The Washington Post has reported that people familiar with the case said that Person A is Pras Michel, a former rapper with the hip-hop group Fugees, and that Person B is Broidy.

In May 2019, the Justice Department charged Michel and Low with conspiracy to defraud the U.S. government and for making foreign and conduit campaign contributions during the 2012 presidential election. Michel has denied wrongdoing.

Both Broidy and Davis, along with Person A, tried to arrange a meeting between Malaysia's prime minister and Trump in September 2017 "to raise the resolution of the 1MDB matter with" Trump, according to the filing charging Broidy. 

The document notes that Broidy, Davis and Person A "were unsuccessful in their efforts to have the 1MDB matters dropped or otherwise favorably resolved for Foreign National A."

The filing also said that the trio met with a minister of the People's Republic of China in China and agreed that Broidy, assisted by the other two people, would lobby the Trump administration to return an unidentified Chinese national to China.

That Chinese national is understood to be the billionaire Guo Wengui, also known as Miles Kwok and Miles Guo, a critic of China's government who has sought asylum in the United States.

Broidy is charged with conspiring to act as unregistered agent for a foreign principal.

Broidy resigned from his high-ranking role as the Republican National Committee's deputy finance chairman in 2018, following bombshell revelations that he agreed to pay $1.6 million to a former Playboy model he impregnated in an affair. Trump's former personal lawyer Michael Cohen represented Broidy in the deal for that payment.

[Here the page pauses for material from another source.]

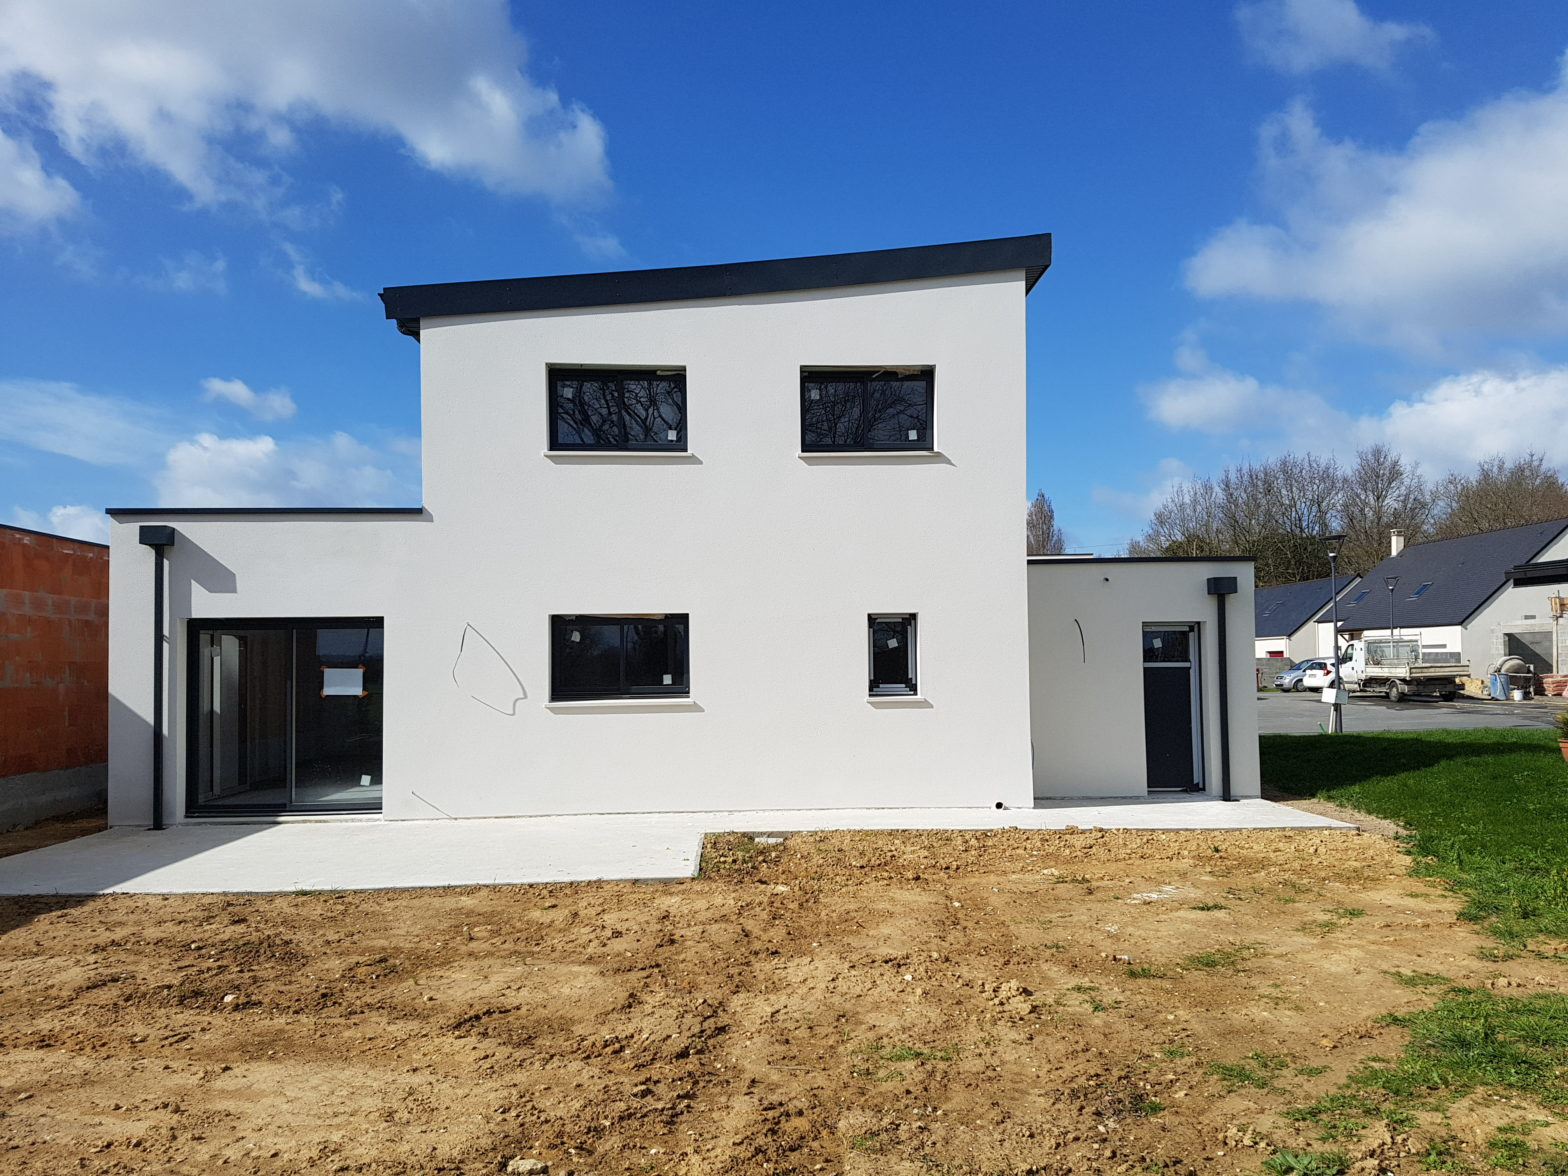 maison etage r+1 toit monopente 49220 grez neuville

In 2009, Broidy pleaded guilty in New York state court to a misdemeanor charge related to his making nearly $1 million in gifts to state pension fund officials in exchange for Broidy's private equity firm being handed $250 million in pension funds to manage.

The same investigation that snared Broidy in that case led to the conviction of former New York state comptroller Alan Hevesi.

Steve Bannon, Trump's former senior advisor, was arrested in August and charged with defrauding thousands of donors through a crowdfunding campaign to privately build sections of a wall along the U.S.-Mexico border.

Bannon, 66, was apprehended by authorities while on a yacht owned by Guo.